Возможно, здесь эта история закончилась бы, только начавшись, если бы не неожиданное вмешательство со стороны, которого уже никто не ожидал. Что-то пролетело, просвистело по воздуху, словно снаряд. «Неужто и обстрел начался?» – подумала Люся и открыла глаза. Нет, не обстрел. На том месте, где только что сидела крыса, лежала толстая сучковатая дубинка. Люся повернула голову и увидела, что неподалёку от неё стоит мальчишка в шапке-ушанке и в пальто, так же, как и она крест-накрест перевязанный, только не платком, шалью.
– Спасибо – прошептала Люся. – Вовремя…
– Ага, – довольно ответил он. – Здорово я её, да?
Люся кивнула. Она не знала что говорить. Наступила пауза.
Глава вторая. Знакомство
Мальчишка откашлялся и потёр варежкой нос.
– Я Максимка. А ты?
– Люся я, – снова прошептала она.
– А почему ты шепчешь? – удивился он.
Люся опустила глаза. Ей не хотелось говорить.
– Ты местная? Ленинградка? – продолжал выспрашивать он.

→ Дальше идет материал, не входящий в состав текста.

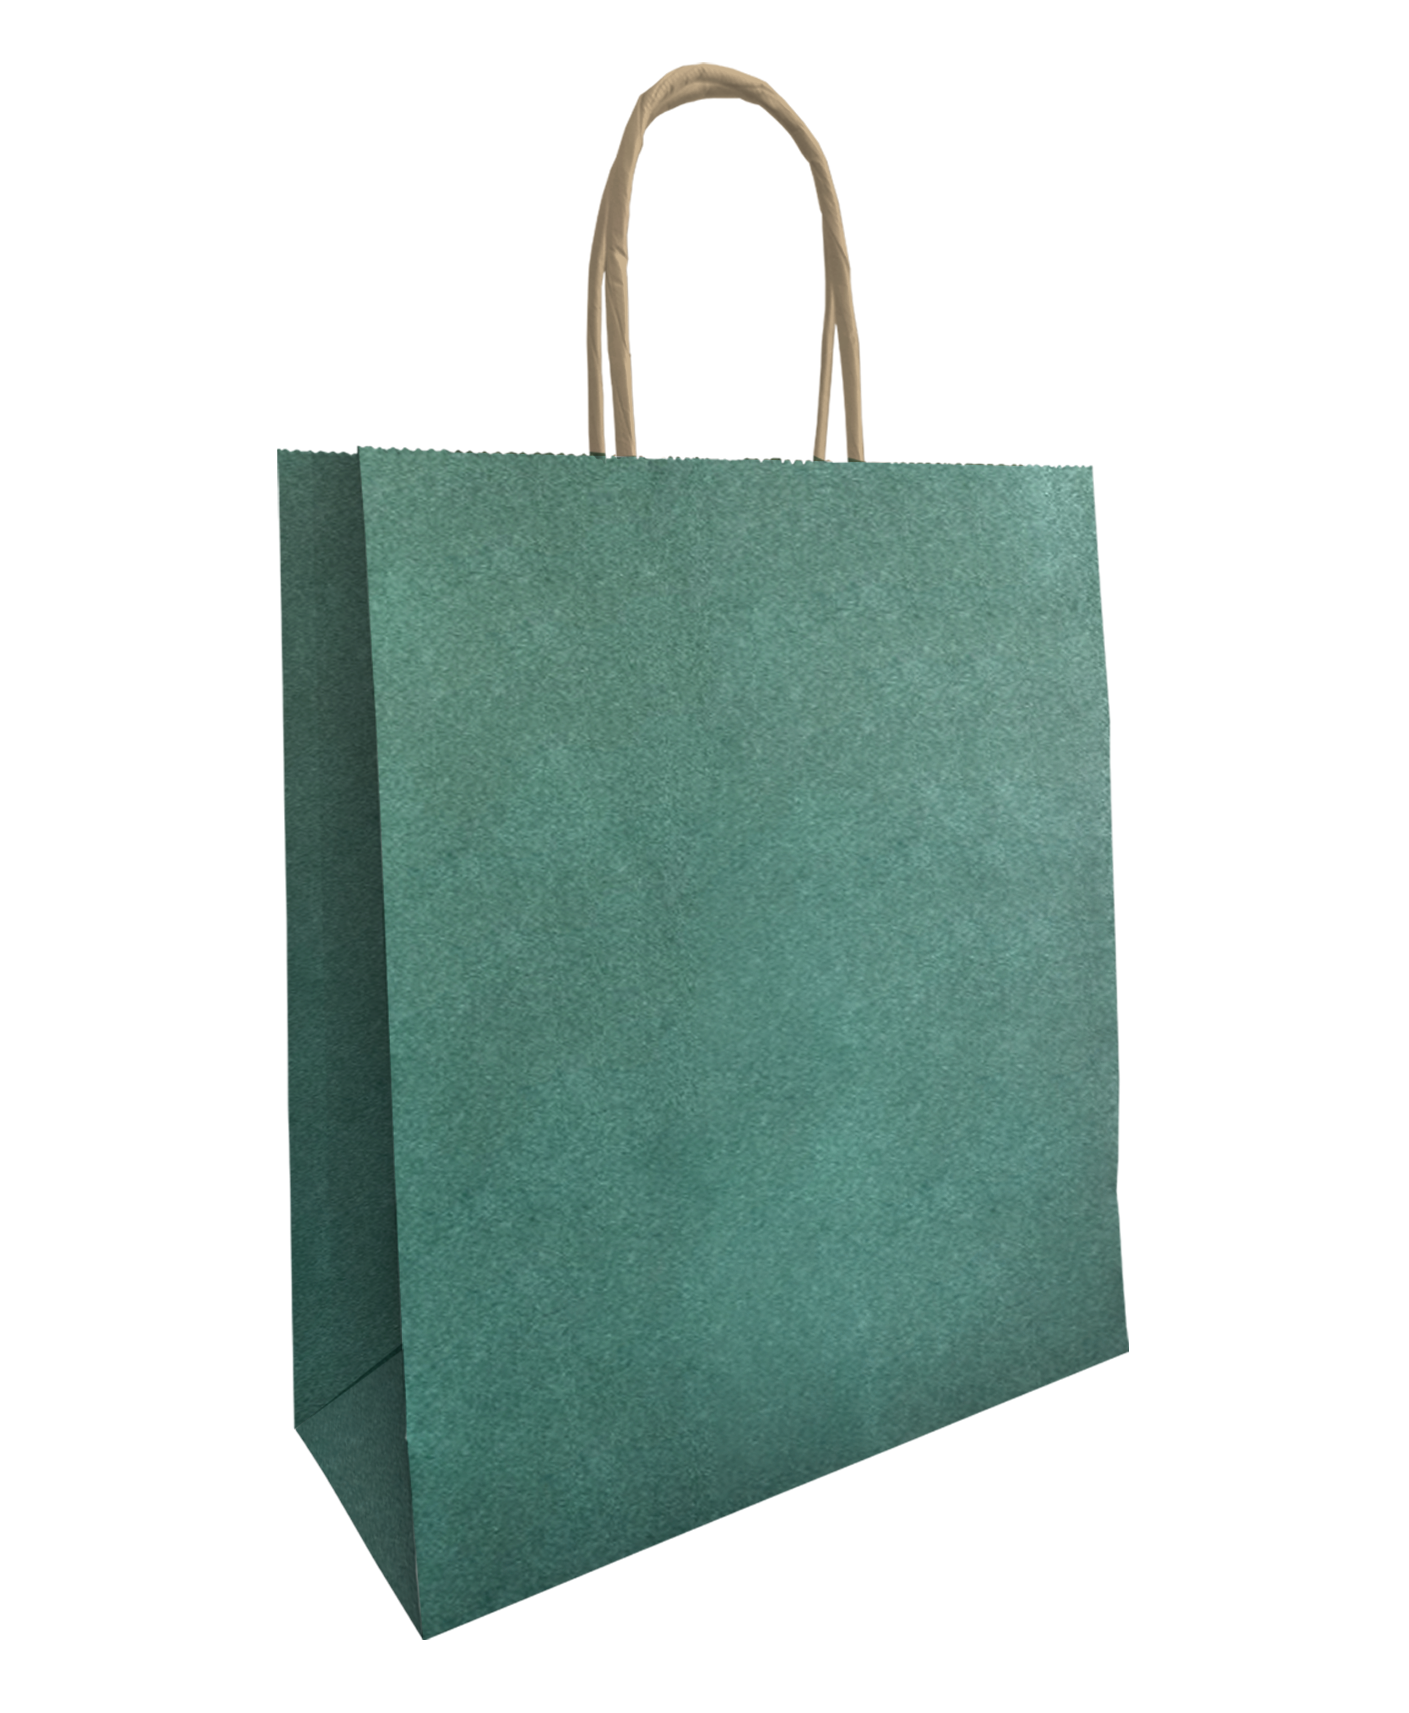 stel je voor Snelkoppelingen Luchtpost Kassaplan-Papieren tassen met gedraaide handgreep, 32+12x41 cm, Donkergroen  glitter

Люся отрицательно помотала головой.
– Нет. А ты?
– Я – местный, – гордо сообщил он. – Родился здесь, живу. Эвакуироваться не стал. Ну, уж нет – это ни за какие коврижки. Никто меня не заставит.
Он снова шмыгнул.
Люся, опять не зная, что сказать на это, посмотрела на небо. Снежинки, казавшиеся чёрными, падали на них. Только сейчас Люся вновь почувствовала холод, о котором на время забыла. Да и голод возобновил свою атаку. Она поёжилась и шепнула:
– Холодно. Домой пора.
– Пошли, – согласился Максимка. – Он сразу заторопился. – Бомбёжка может начаться. И комендантский час скоро. Пошли.
Он протянул ей руку в толстой, сто раз перештопанной варежке. Она с готовностью приняла её, но только сделала шаг, как тут же остановилась. Голова закружилась. Всё-таки подлая крыса очень сильно напугала её.

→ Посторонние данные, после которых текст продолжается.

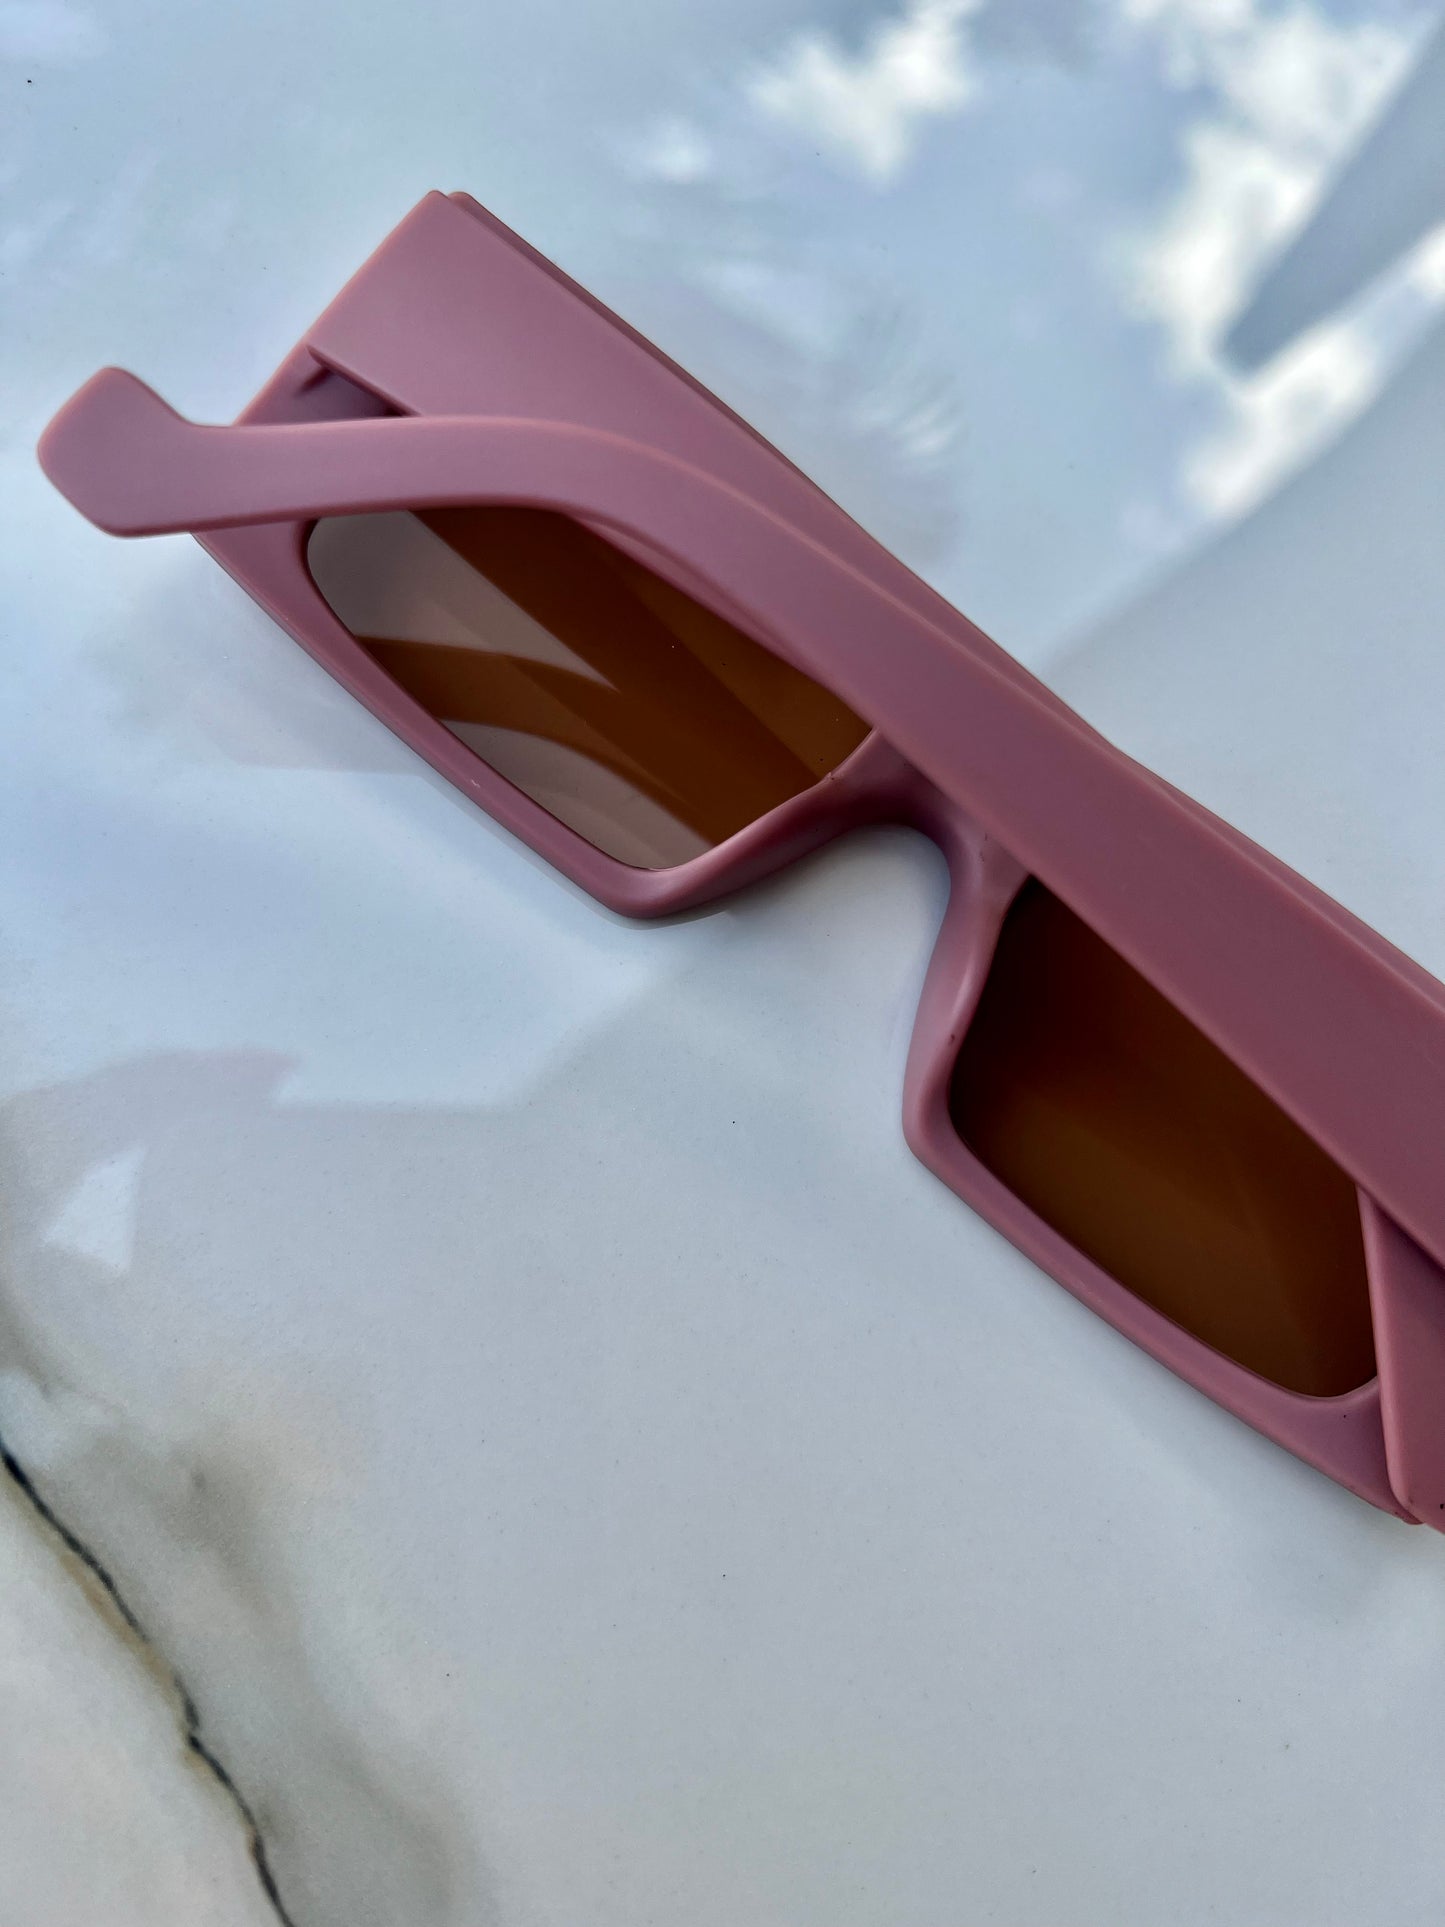 Piña Colada Sunglasses

Они шли рядом, молчали. Максимка сбоку поглядывал на неё, в голове у него мелькали тревожные мысли. Ясно же, что крыса не собиралась ограничиваться только лишь грабежом. Такая жирная и огромная. Сначала отняла бы хлеб, а потом наверняка растерзала бы девчонку.
«Эх, – думала Люся в этот момент, – если бы Мушка была рядом! Тогда эта мерзкая крыса получила бы по заслугам. Да и что им одна крыса! Вместе они бы с целым полчищем справились. Только где же ты сейчас, Мушка?»
Слёзы подкатились к глазам. Люся так и села в снег на колени.
– Ты что? – испугался Максимка.
– Я не могу, – прошептала Люся. – Сил нет.
– Можешь, – возразил Максимка. – Держись крепче за руку, вставай!
Люся сначала помотала отрицательно головой, заупрямилась. Но Максимка настаивал, и она вложила свою ладонь в его руку, точнее, в толстенную варежку, делающую его ладонь огромной. Они заторопились в укрытие.
– Вместе мы – сила, – продолжал уверять её по дороге Максимка. Люся в ответ кивала. А в подворотнях, из подвальных окнах злобно загорались им вслед страшные крысиные глаза.
Глава третья. Соломенная девочка
Максимка был рад, что встретил Люсю. Понравилась ему эта девчонка, маленькая и хрупкая, с двумя жёлтыми, словно соломенными, косичками и круглыми глазами, как пуговки на личике у куколки. Она и напоминала ему такую соломенную куколку, которая стояла в серванте у бабушки. Маленьким он часто играл с ней, а как подрос – забросил. Стыдно ведь мальчишке с куклой возиться. Кукла перекочевала к бабушке в комнату, в сервант под стекло. Честно сказать, он давно не видел эту игрушку. С тех пор как бабушка умерла в самом начале войны. Никто, конечно, о кукле не вспоминал, и сколько Максимка не старался, он не мог сообразить, стоит она за стеклом, или нет. А сейчас, сидя в бомбоубежище, так как фашистский налёт всё-таки застиг их в пути, он поглядывал на Люсю и думал о том, как хорошо, что он её встретил. И невольно вспоминалась ему соломенная куколка, дарившая столько радости в детстве.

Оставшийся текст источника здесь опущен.